Я гладил и теребил мамины растрепавшиеся волосы и не верил тому, что произошло. Неужели все это взаправду? Нет, сейчас мама встанет, стряхнет с себя комья земли, и все будет как прежде.

А пламя и дым все больше и больше окутывали наш дом. Ничего не понимая, я побрел к окопу и, только увидев Олю, опомнился. Сестра умудрилась вскарабкаться на узел и тянулась вверх.

Ей еще надо было много расти, чтобы самой вылезть из окопа.

Когда она хотела поцеловать маму в нос, она подтаскивала стул, взбиралась на него и, становясь на цыпочки, тянулась к ней.

Оля увидела меня и заплакала. Как только я ее не утешал! А ей вдруг сразу все понадобилось:

Мама, я луку хочу! Мама, пожарь мне лук!..

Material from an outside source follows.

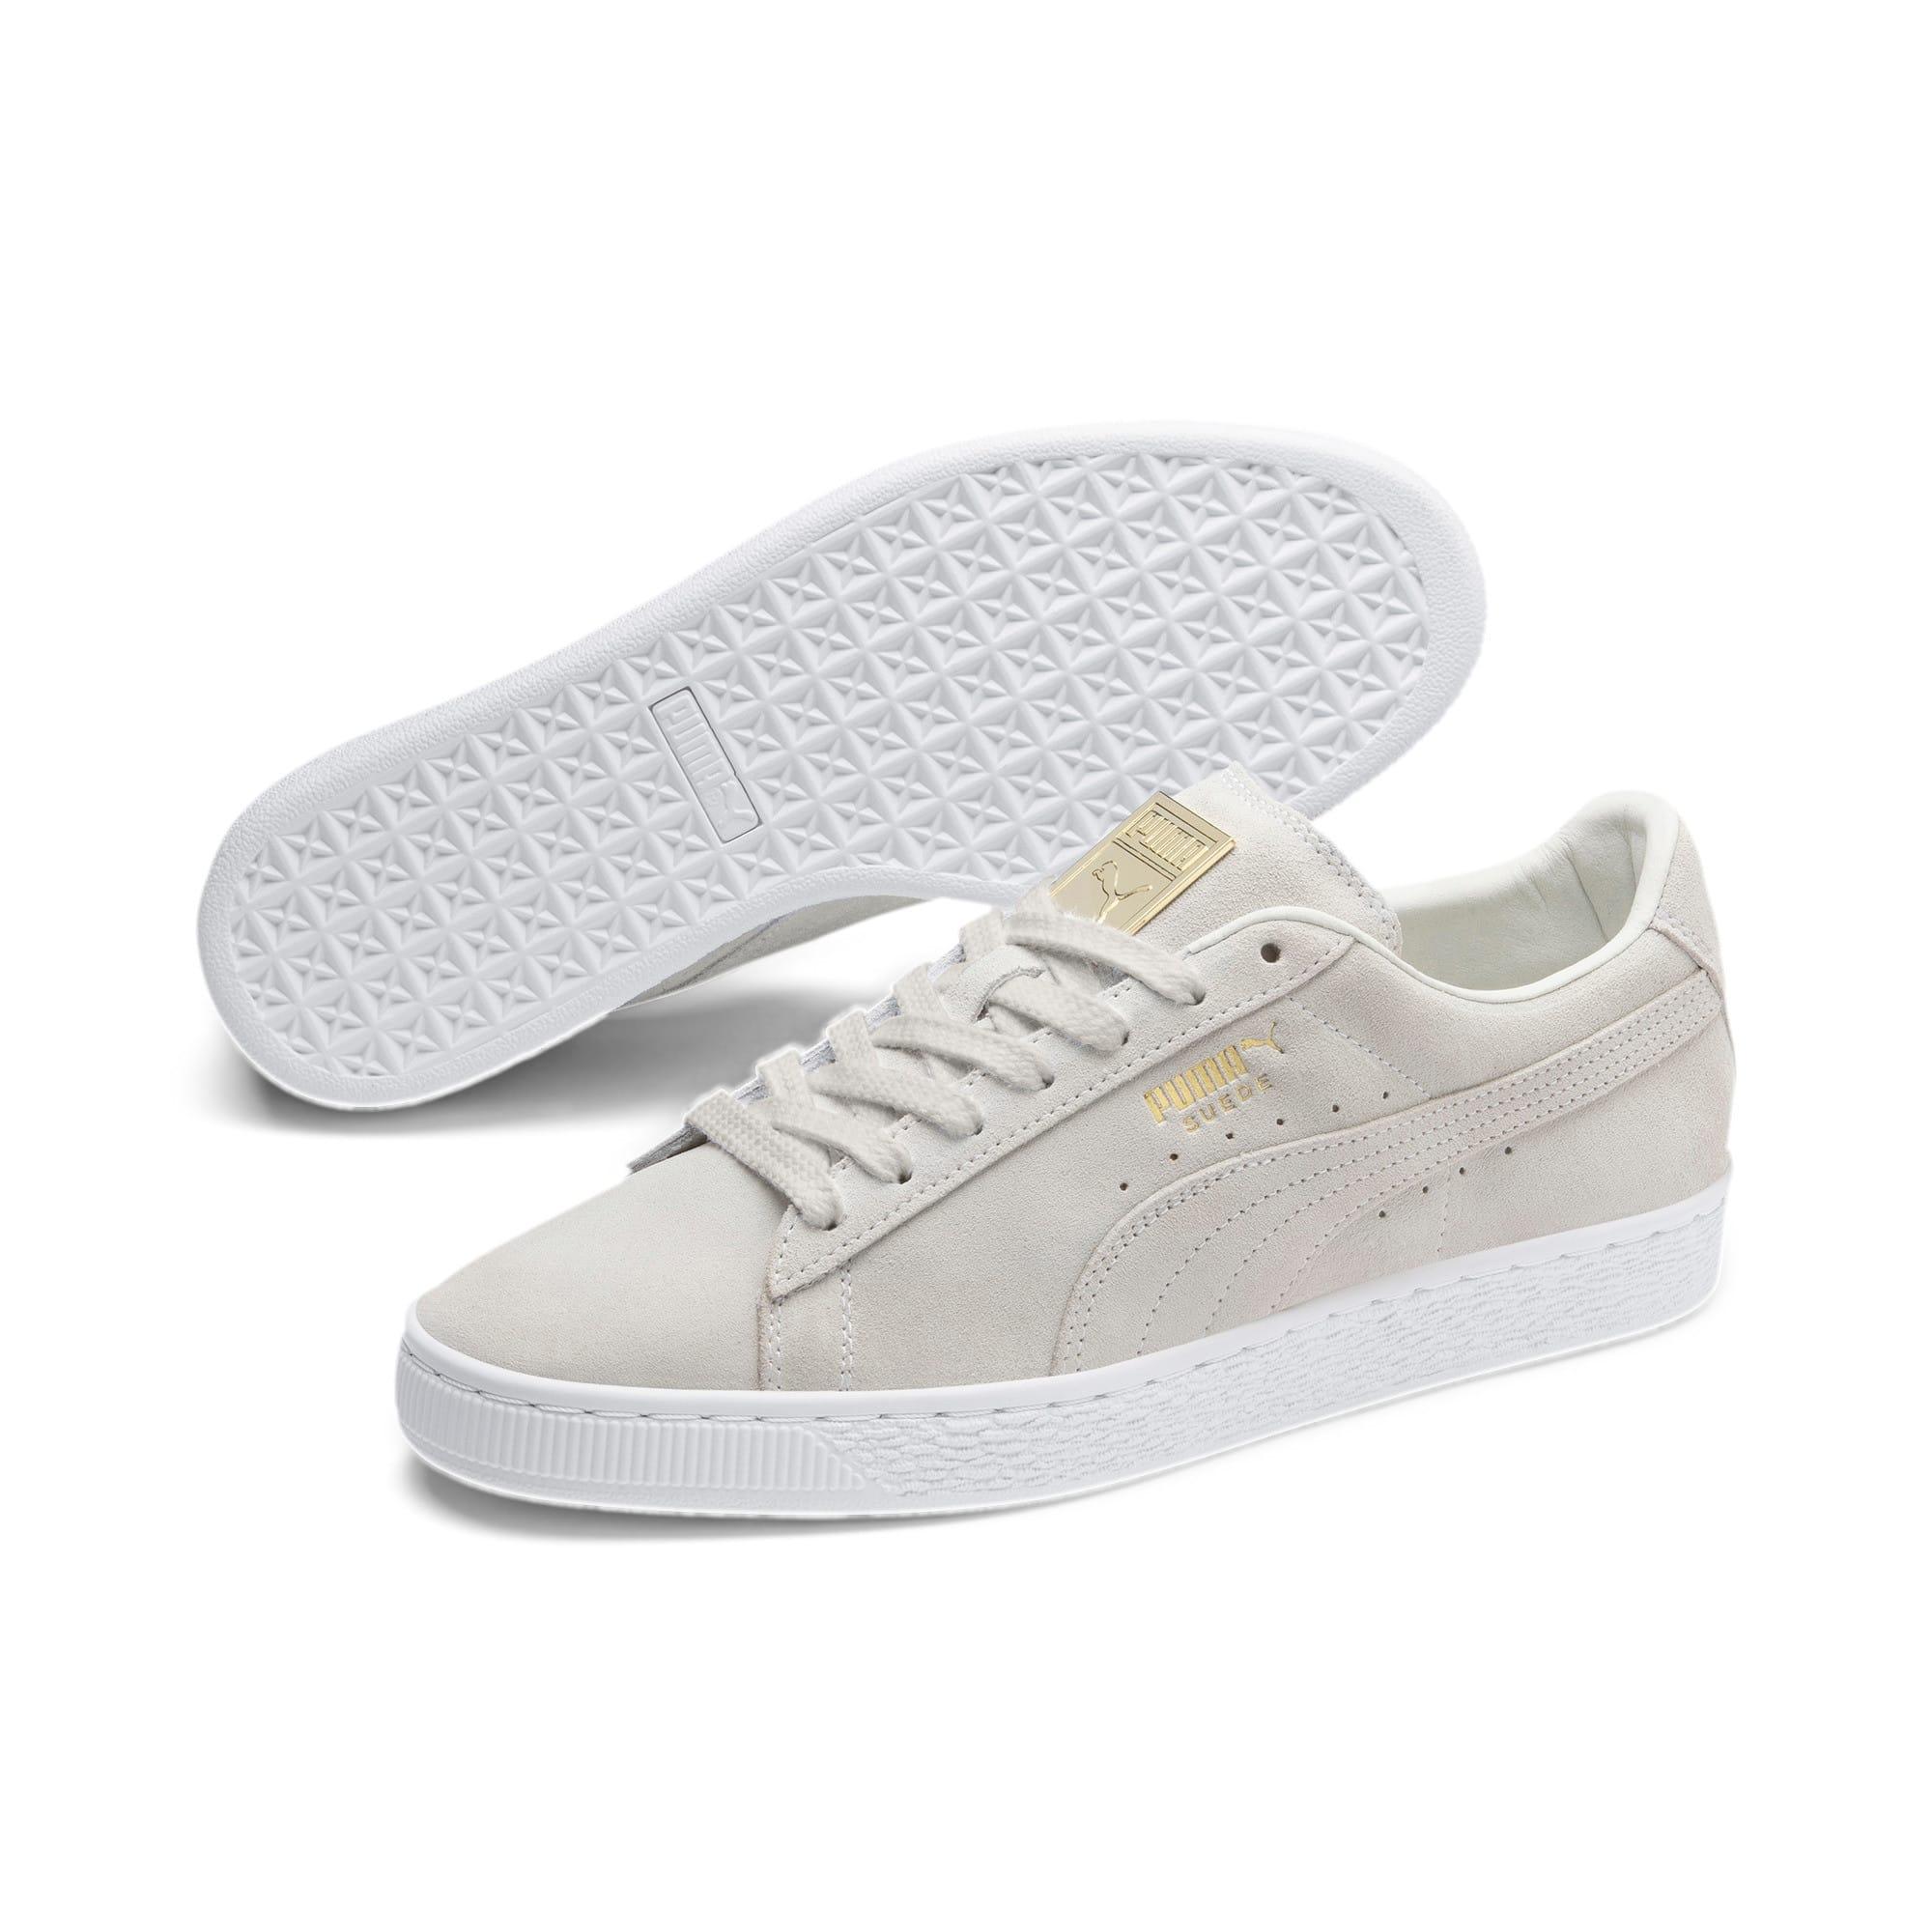 Miniatura 3 de Zapatos deportivos Suede Classic Metal Badge, Puma White-White-Team Gold, mediano

Мама устала, она отдохнет и лук тебе пожарит, — обманывал я Олю, а сам подумал: «Как же мы будем жить без мамы?»

Потом опять началась бомбежка. Оля, испуганная и оглушенная, сразу же смолкла, свернувшись калачиком на узле.

Меня так потянуло к маме, что я снова вылез из окопа и побежал. Я уже не обращал внимания на вражеские самолеты, упал на колени и дотронулся до маминой еще теплой руки. И так захотелось мне крикнуть, позвать папу. Но все в горле застыло, будто кто перехватил мне дыхание.

Я ведь жил и не знал, что такое горе, а оно навалилось средь бела дня. И вдруг как-то сразу понял, что мама ушла от нас навсегда и никогда не проснется; никогда, никогда у меня не будет мамы.

И странно было, что затуманенными глазами я видел тупые носки своих ботинок.

Первые минуты жизни без мамы…

По дороге бегут, пригибаясь к земле, какие-то люди, что-то кричат, куда-то исчезают. Вот мужчина в военном прошел совсем рядом. Он посмотрел на меня, на лежавшую маму и только сказал:

— Осколком!

Кто-то окликнул меня, позвал по имени. Мелькнуло знакомое лицо женщины. Она работала вместе с мамой на дальних рубежах, заходила к нам то с лопатой,

то с топором и всегда торопила маму. Должно быть, это она мне сказала про отца или я сам подумал, что он где-то совсем рядом; их часть стояла на бахчах, за городом, чуть ли не за аэродромом.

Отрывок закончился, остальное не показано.